Cost of living is low, but internet access and infrastructure issues can be
problems. I pay quite a bit for 3mbit internet. I've had two power outages
today. If you show up here and don't adapt, you will get frustrated and miss a
lot of the benefits.

There are a lot of colleges here pumping out CS grads who are underqualified.
They tend to look for work in call centers instead of programming. Filipinos
don't spend money on the web, so targeting products at them is tough.
Advertiers are aware of the fact that Filipinos don't spend money online, so
ad supported businesses are not feasible. You need to earn in
Dollars/Euros/Yen and then spend locally in Pesos.

------
phektus
Us Filipinos are not very entrepreneurial. Talk to any random middle-class
student here and you'll be told that the first thing that motivates them to
study is so they can get a good job in a multi-national company. Most local
tech startups that I'm aware of were founded (and funded) by people with a
rich family background. Add the state of the government to the mix and you'll
get an environment that is totally not conducive to small tech businesses.
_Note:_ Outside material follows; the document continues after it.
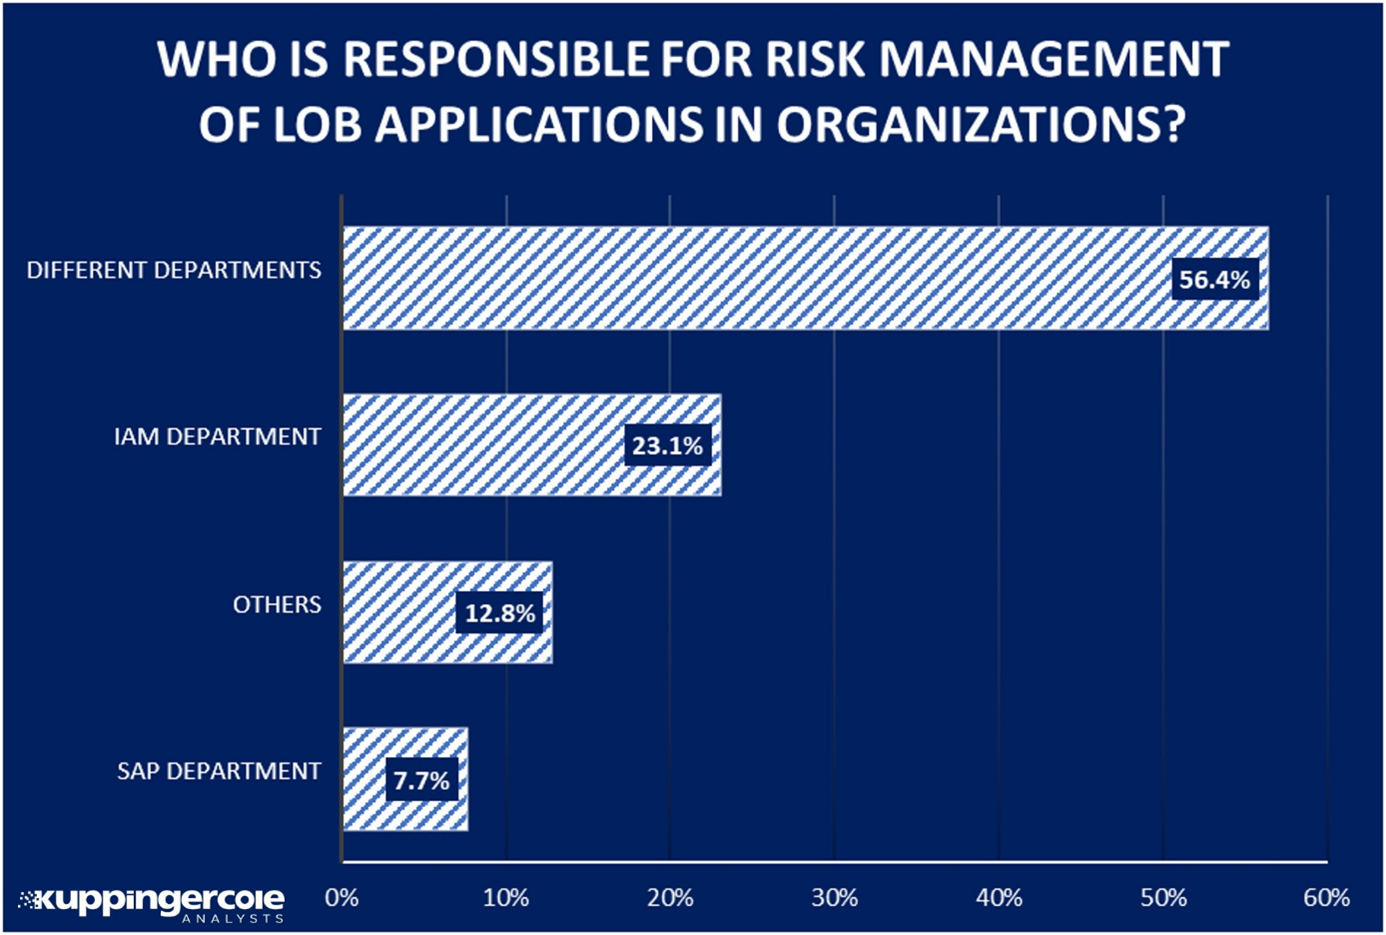 Risk Management and Security are still not handled consistently in organizations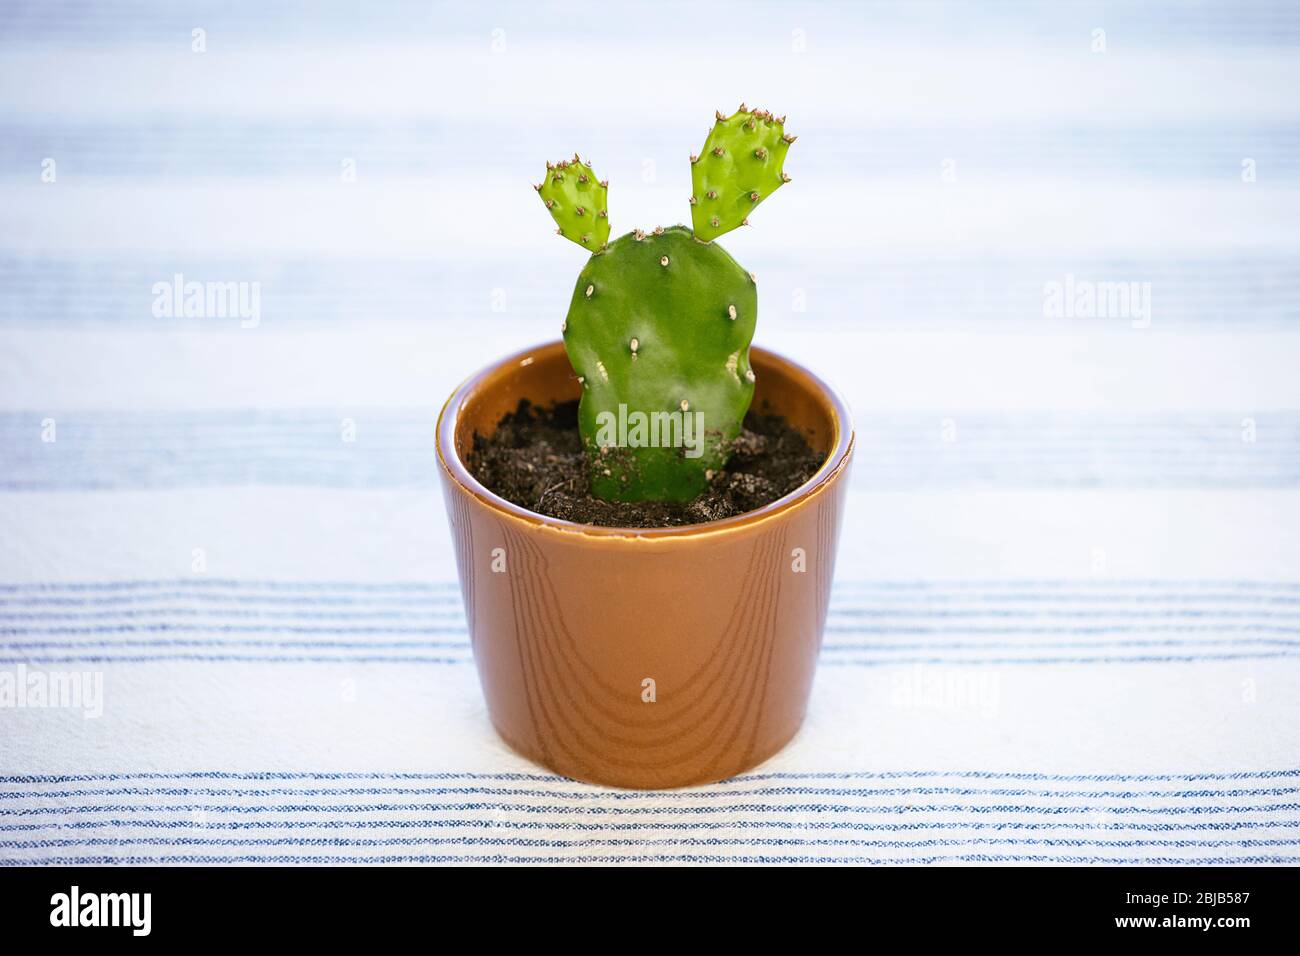 Mini cactus. Small opuntia ficus-indica, prickly pear or Indian fig. Cute cacti house plant. Stock Photo

As a Filipino I'd like to see more of my country men venturing into
realistically sustainable tech business setups rather than trying to emulate
Silicon Valley. The environment there is vastly different from ours. We need
to play to our strengths (English proficiency plus currency exchange plus OK
3rd-world level I.T. education) and work from there. I'm pretty sure there'll
be innovations so we can use our strengths in a startup context.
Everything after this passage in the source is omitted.